April 02, 2018

Difference Between Micro and Macro Economics

April 02, 2018

Economics is the study of how people use limited resources to satisfy their unlimited wants.  The subject-matter of economics is divided into two main categories - microeconomics and macroeconomics. The term microeconomics is derived from the Greek word ‘mikros’ which means small while the term macroeconomics is also derived from the Greek word ‘makros’ which means large.  This article will explain the concept and distinguish between microeconomics and macroeconomics.

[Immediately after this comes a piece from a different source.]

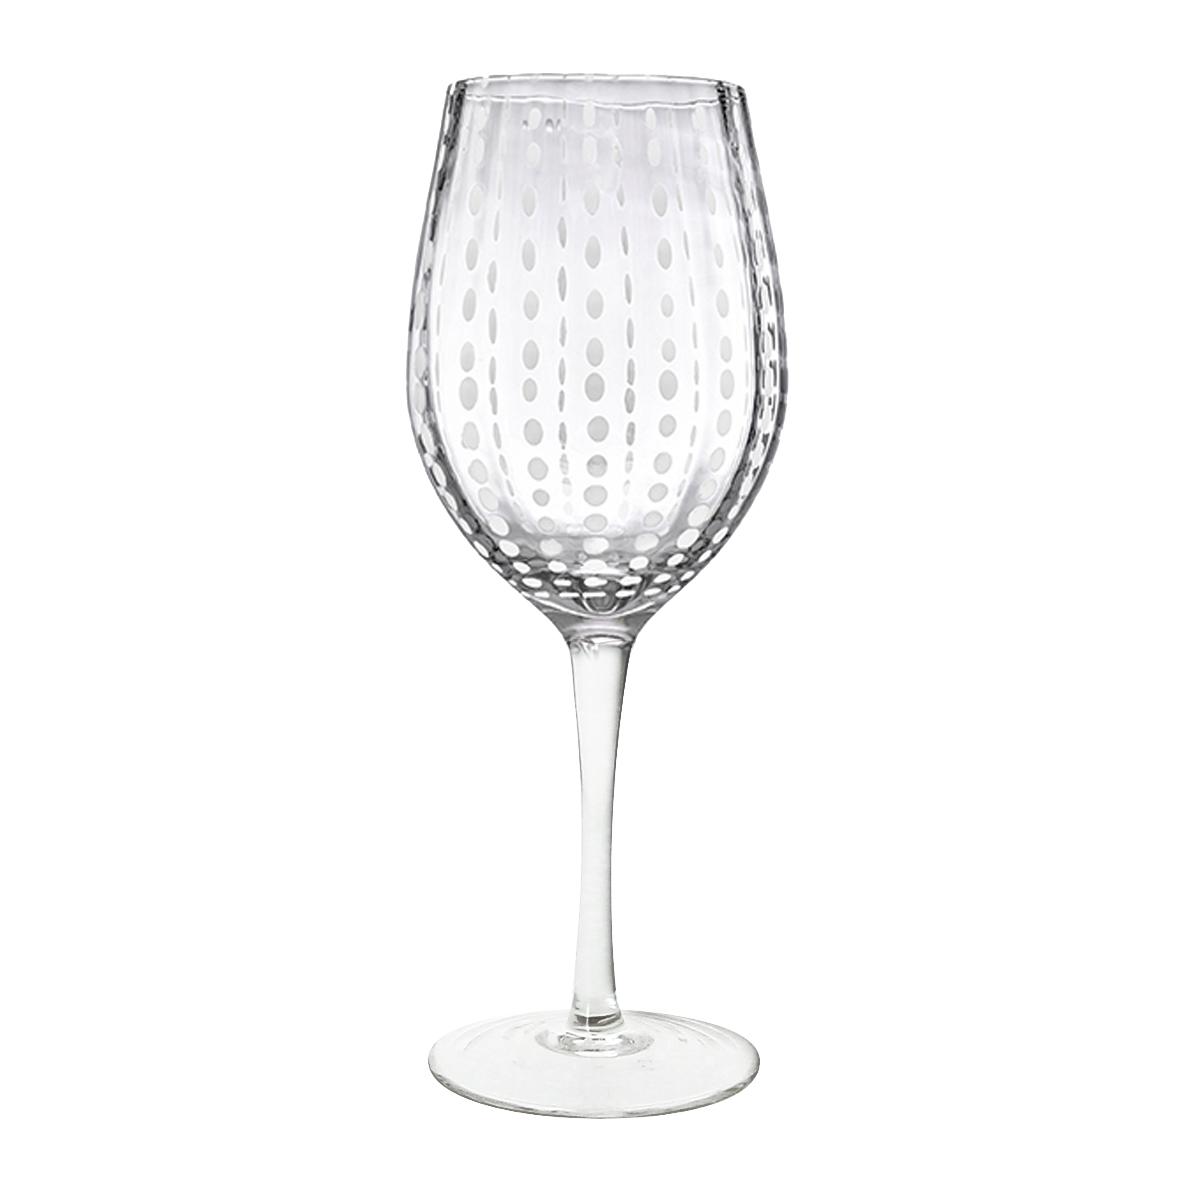 Verre à vin 40cl - CARNIVAL - Verres à vin taillés - Bruno Evrard d15019008c88

Difference between micro and macro economics


Microeconomics is the study of particular units of an economy. It looks to individual consumers, individual firms and small group of industries and markets. It helps to solve the three central problems of an economy: 1) What to produce? 2) How to produce and 3) For whom to produce? Microeconomics is concerned with:
  • Theory of consumer’s behavior. (E.g. Law of diminishing marginal utility and indifference curves analysis)
  • Theory of firm’s behavior. (Firms equilibrium)
  • Theory of price. (Equilibrium of demand and supply)
  • Theory of production. (Laws of returns)


Macroeconomics is the study of economy as a whole, not just specific unit of an economy. It looks to the entire industries and large-scale economic issues. Its central focus is to determine level of national income and employment. Macroeconomics is concerned with:

  • Reasons for inflation and deflation.
  • Theory of international trade. (Balance of trade and balance of payments)
  • Employment and economic growth.
  • Fiscal and monetary policies.
  • National income and output.
  • Theory of consumption
  • Savings and investment.
  • General price level.

Difference Between Micro and Macro Economics 

1. Micro means small so microeconomics studies small units of an economy. While macro means large so macroeconomics studies large scale of an economy.

2. Microeconomics looks to the particular firms, particular industries, particular households, particular commodities and individual prices, wages and incomes. On the other hand, macroeconomics looks to national income, national output, national consumption and savings, general price level, investment and employment.  

3. The basis of microeconomics is the demand and supply which help to determine equilibrium price in the market. Inversely, the basis of macroeconomics is the national income, national output, employment, general price level, and economic growth and development.   

4. Microeconomics is based on some principles to illustrate different laws, which means microeconomics applies the technique of partial equilibrium analysis. Conversely, macroeconomics applies the technique of general equilibrium analysis which deals with aggregate economic variations.  

5. Microeconomics is generally known as Price Theory. While macroeconomics is generally referred to Theory of Income, output and Employment.